BODY WEIGHT AND WEIGHT GAIN:
Male and female rats exposed to 5,000 ppm and females exposed to 1,000 ppm had significantly lower body weight compared to control values. Significantly lower body weight of males exposed to 5,000 ppm occurred generally from test day 104 and continued through test day 706. Although not statistically significant, body weight for 5,000 ppm males continued to be lower through the last weigh period on test day 734. For females exposed to 5,000 ppm, significantly lower body weight was generally evident from test day 20 through test day 734. Females exposed to 1,000 ppm also had significantly lower body weight from test day 62 through test day 636 (except for two weeks when the lower body weight was not statistically significant). Although the values were not statistically significant after test day 636, body weight for 1,000 ppm females continued to be lower than control values for the remainder of the study. In addition, female rats exposed to 300 ppm also had significantly lower body weight compared to control values beginning on test day 454 through test day 538. Body weight of 300 ppm females continued to be slightly lower than control values from test day 538 through test day 720; however, the values were not statistically significant.

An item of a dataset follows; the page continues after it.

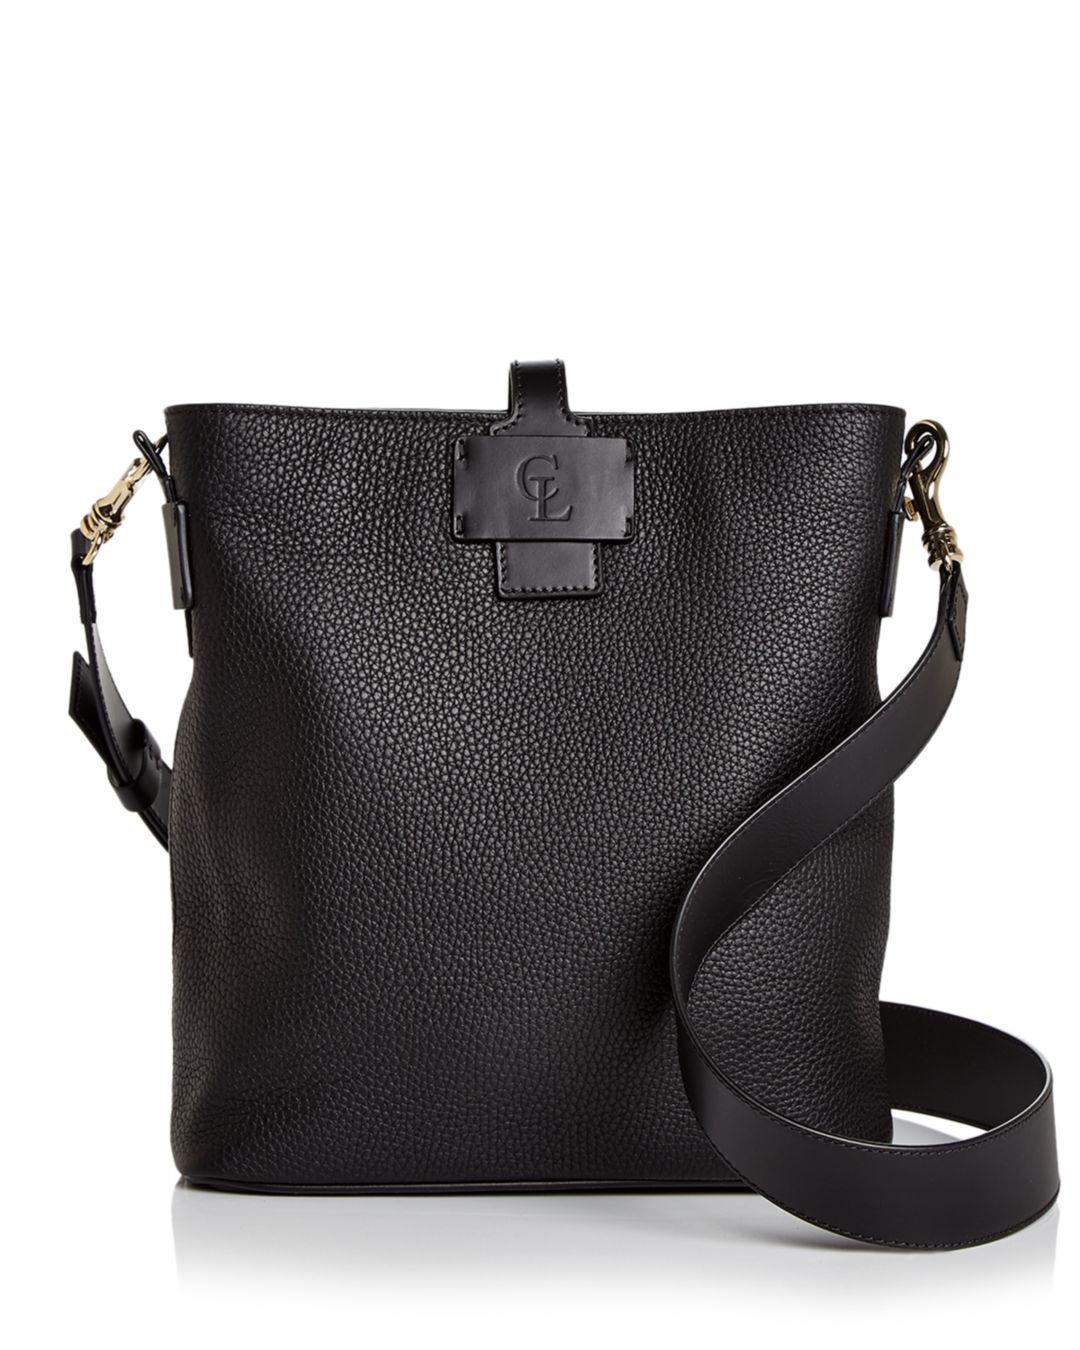 Celine Lefebure Alma Medium Leather Shoulder Bag in Black/Gold (Black) - Lyst
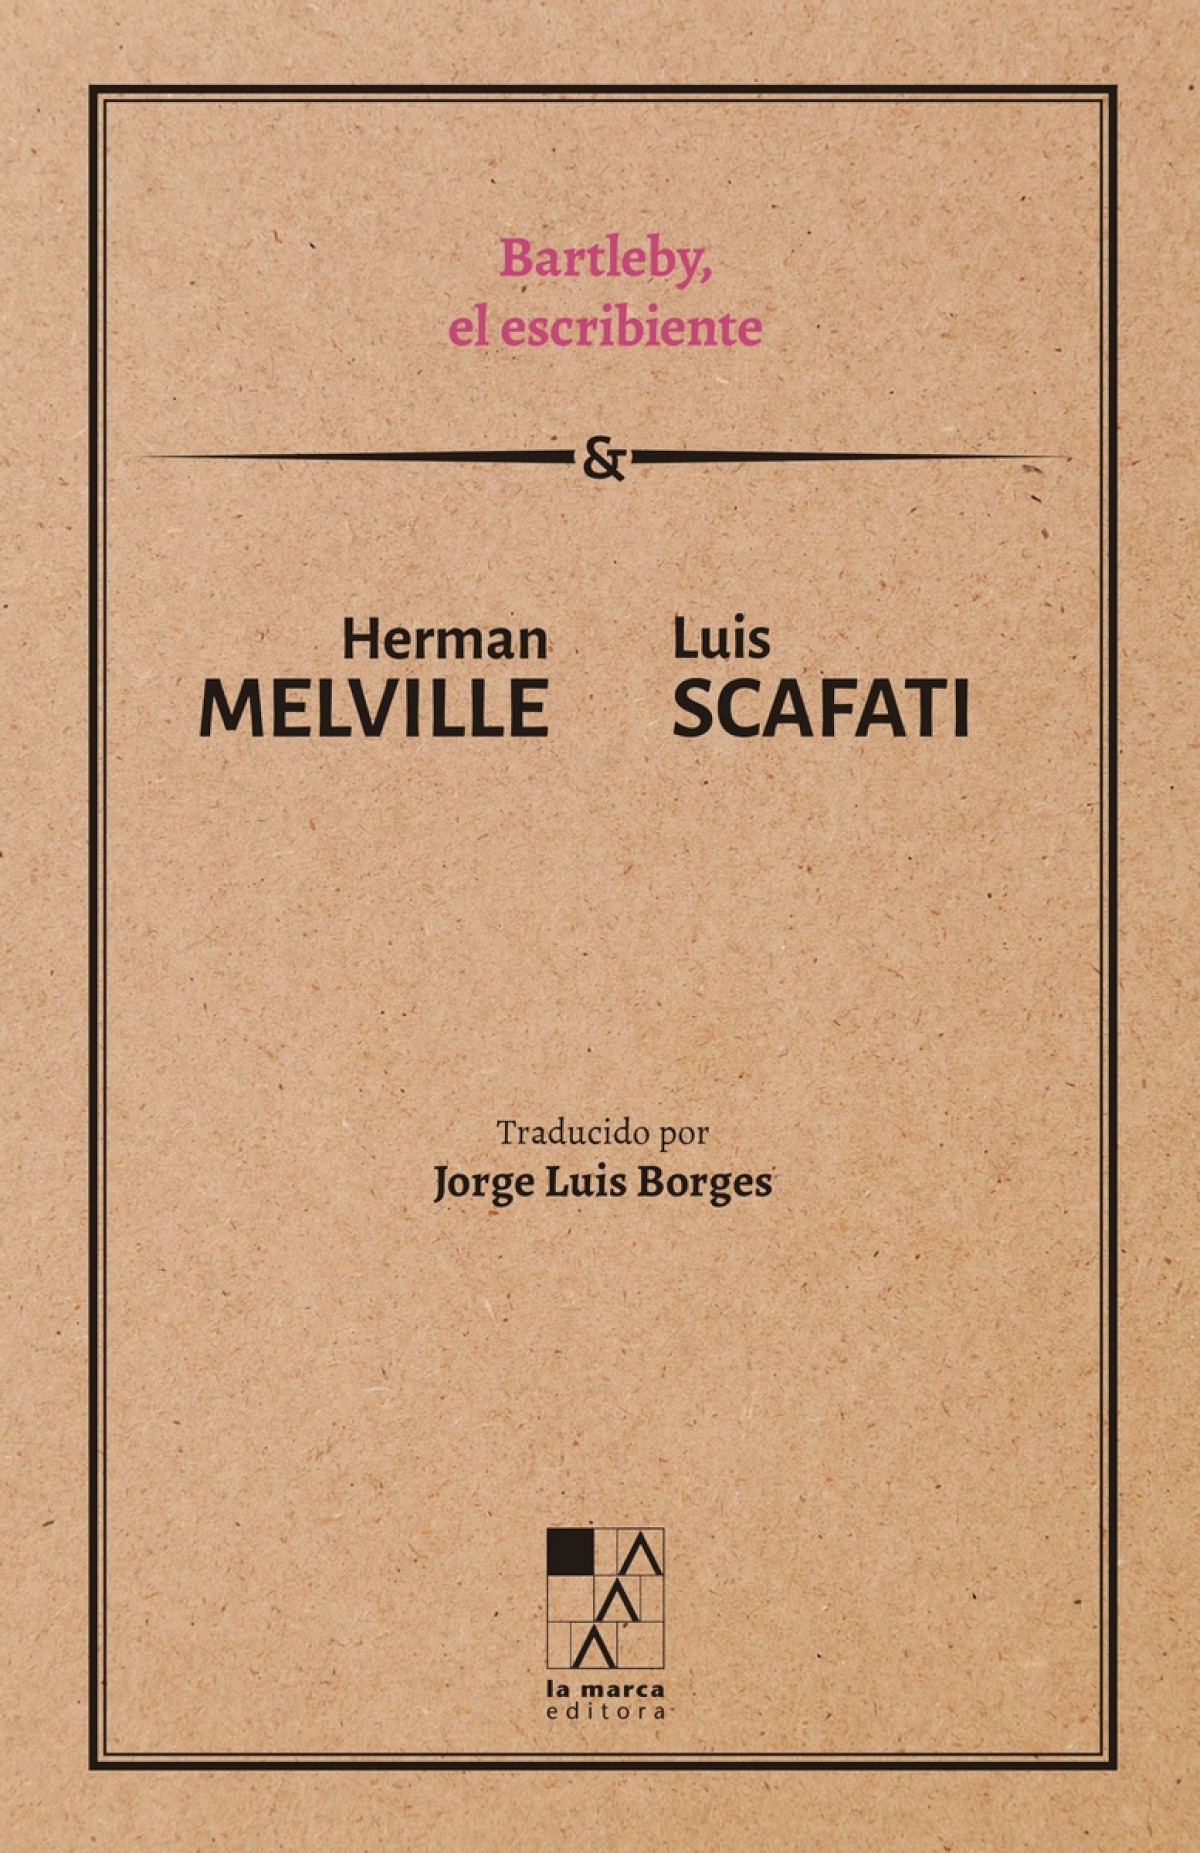 Bartleby, el escribiente - Melville, Herman / Scafati, Luis

Mean body weight gain was significantly lower for males exposed to 300, 1,000, or 5,000 ppm HCFC-123 in the first week of the study. Thereafter, sporadic instances of lower and higher body weight gain were observed in males exposed to 300 and 1,000 ppm. Numerous instances of lower body weight gain for 5,000 ppm males occurred throughout the first year of the study. Mean body weight gain was significantly lower in 5,000 ppm males over the intervals 1 - 356 days and 1 - 734 days. Females exposed to 5,000 ppm had numerous instances of lower body weight gain throughout the two-year period. Mean body weight gain was significantly lower in 5,000 ppm females over the intervals 1 - 356 days and 1 - 734 days. Females exposed to 1,000 ppm had lower body weight gain during the interval 1 - 356 days. The lower body weight and lower body weight gain observed in 5,000 ppm males, and 5,000, 1,000, and 300 ppm females is considered to be compound related.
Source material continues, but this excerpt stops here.